## TASK TO COMPLETE:
Keeping every word the same, give again only the lines from the one with "Rio Grande Gorge" through the end of the data, both included, and leave every picture out.

## PROVIDED MATERIAL:
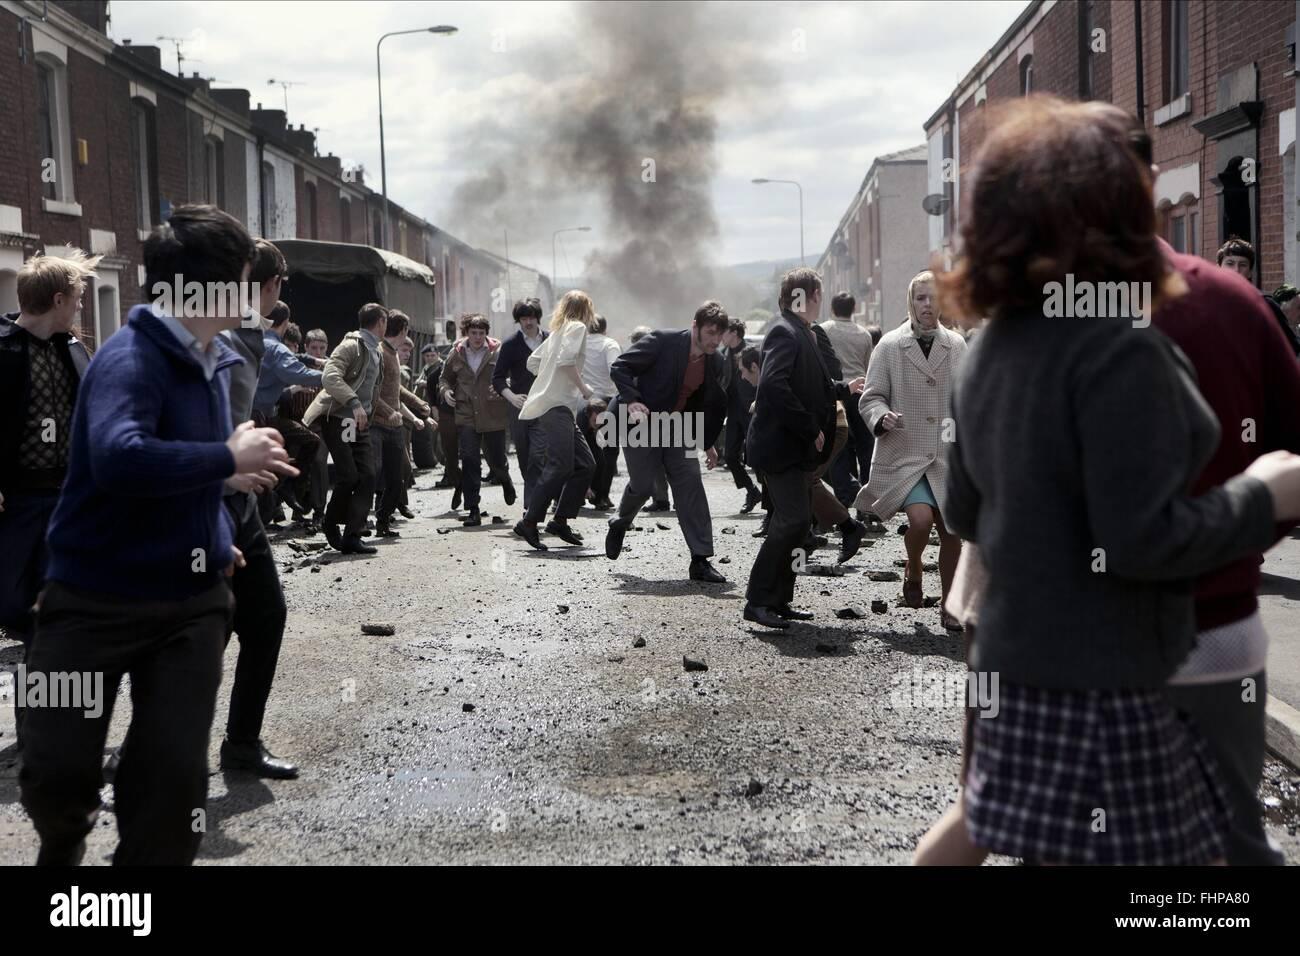 BELFAST CIVILIANS '71 (2014) - Stock Image
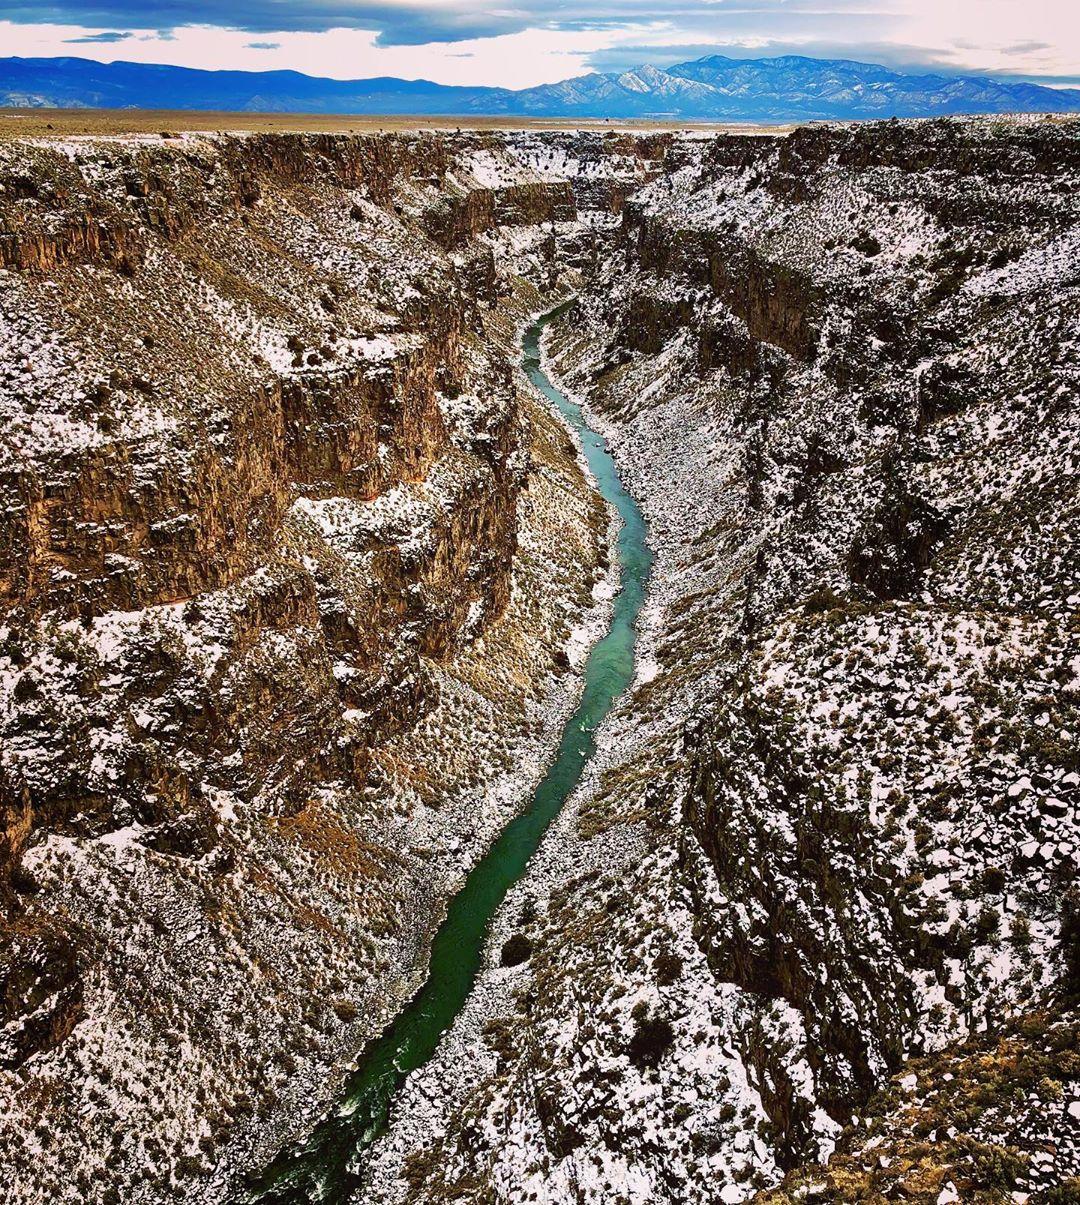 Rio Grande Gorge Bridge must-see places in new mexico
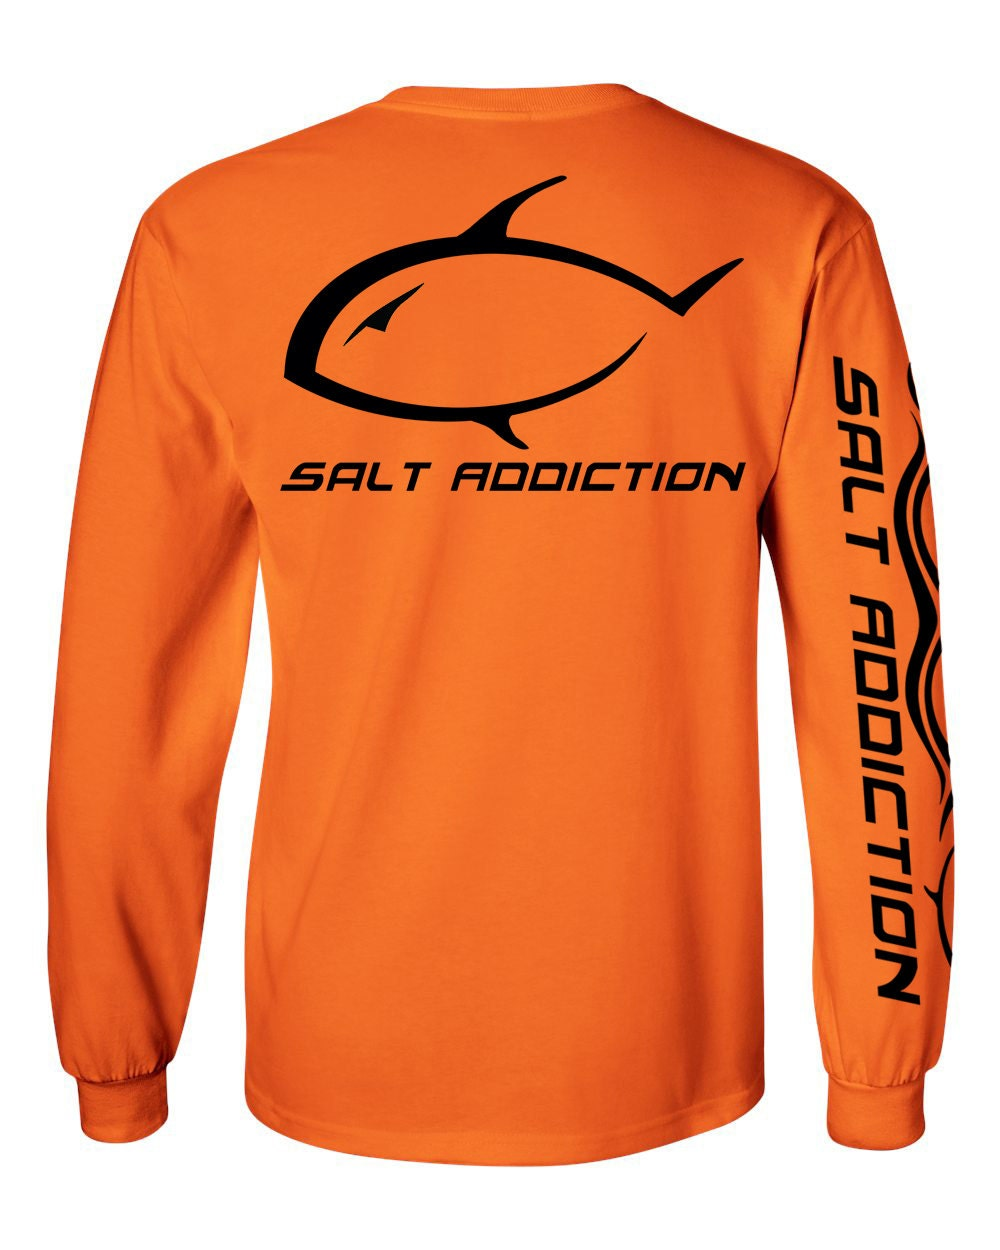 Salt addiction logo t shirtpermitsaltwater fishing t for Custom saltwater fishing shirts

## WRITTEN SOLUTION:
 Rio Grande Gorge Bridge must-see places in new mexico
 Salt addiction logo t shirtpermitsaltwater fishing t for Custom saltwater fishing shirts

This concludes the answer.